- _ASSIGNMENT_
Using the entries below, write out the line with "Black & Decker", the line with "Calvin Klein –", and every line in between, exactly as each is written.

- _DATASET EXTRACT_
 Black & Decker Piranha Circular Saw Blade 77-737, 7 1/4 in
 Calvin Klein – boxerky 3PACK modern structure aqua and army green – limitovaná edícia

--

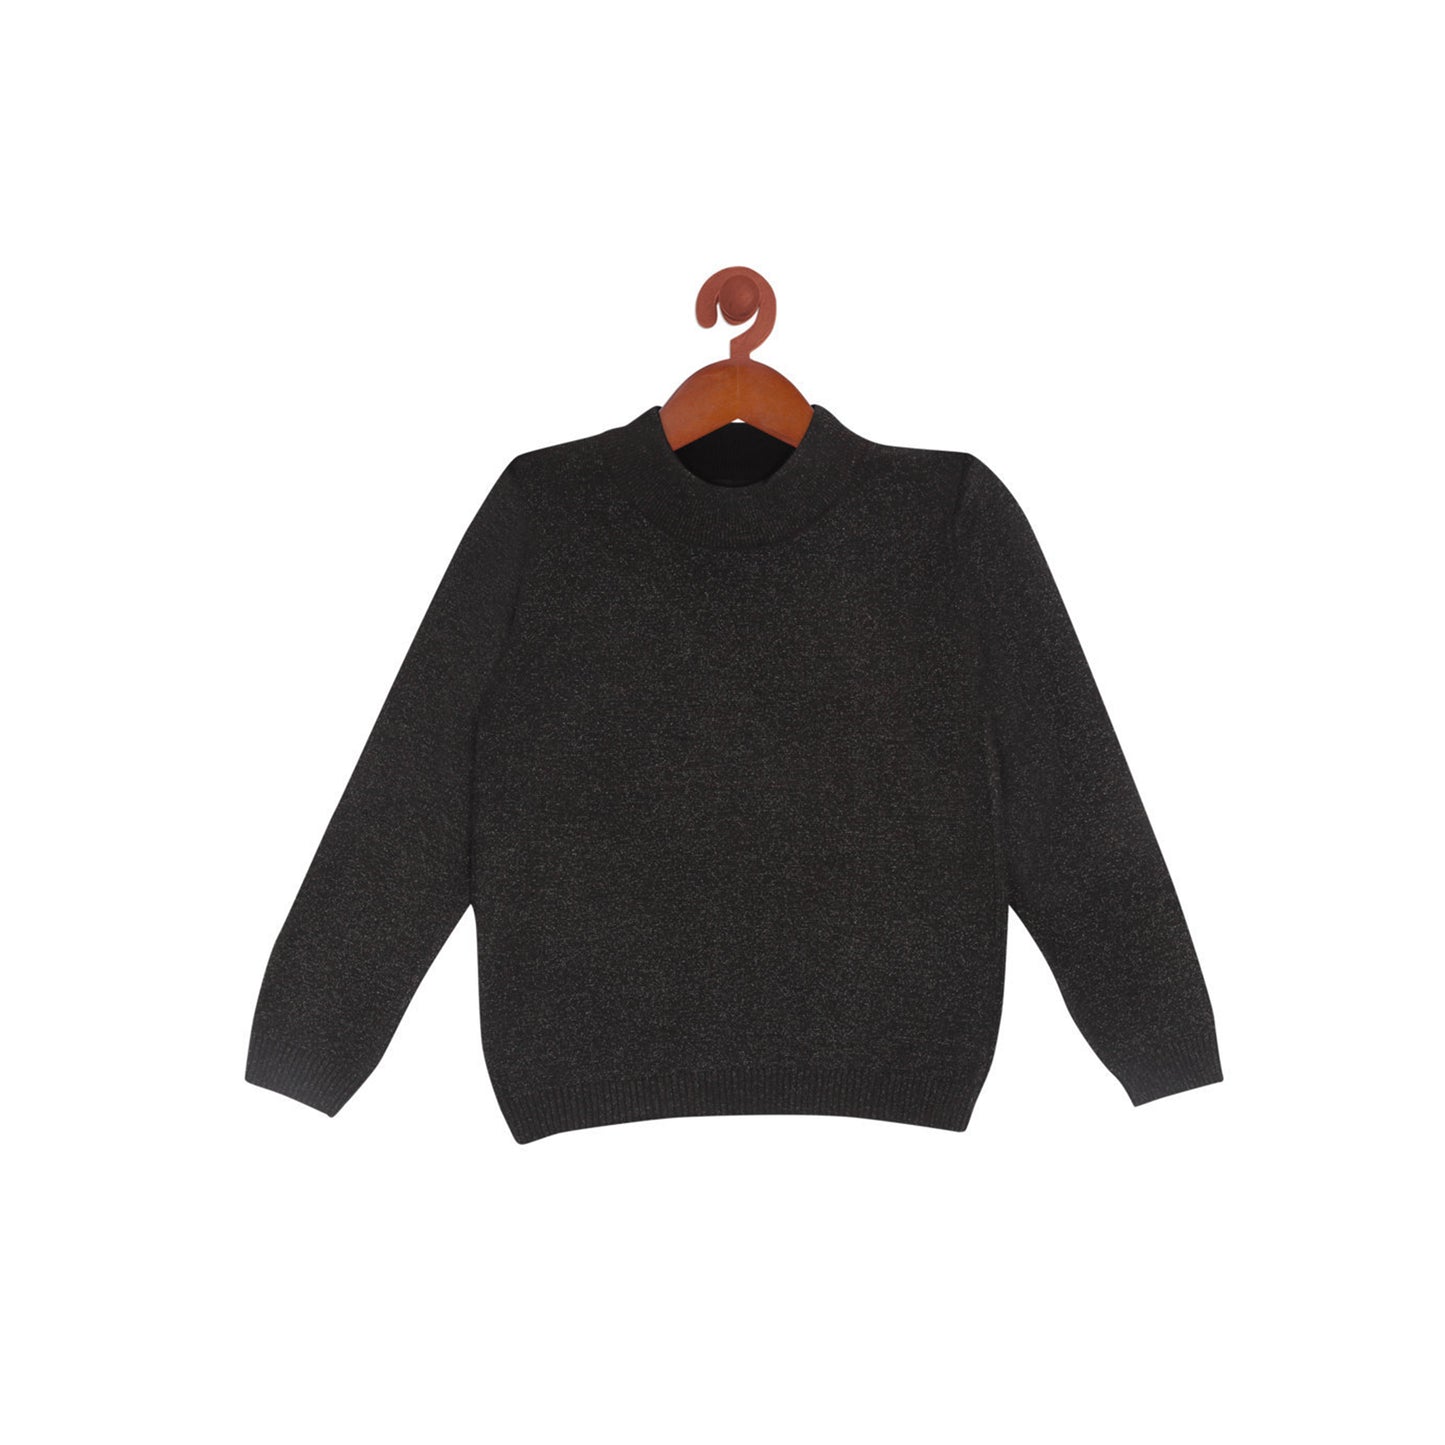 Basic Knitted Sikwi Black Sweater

---

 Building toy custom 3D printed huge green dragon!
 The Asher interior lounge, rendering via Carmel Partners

- _RESPONSE BOX_
 Black & Decker Piranha Circular Saw Blade 77-737, 7 1/4 in
 Calvin Klein – boxerky 3PACK modern structure aqua and army green – limitovaná edícia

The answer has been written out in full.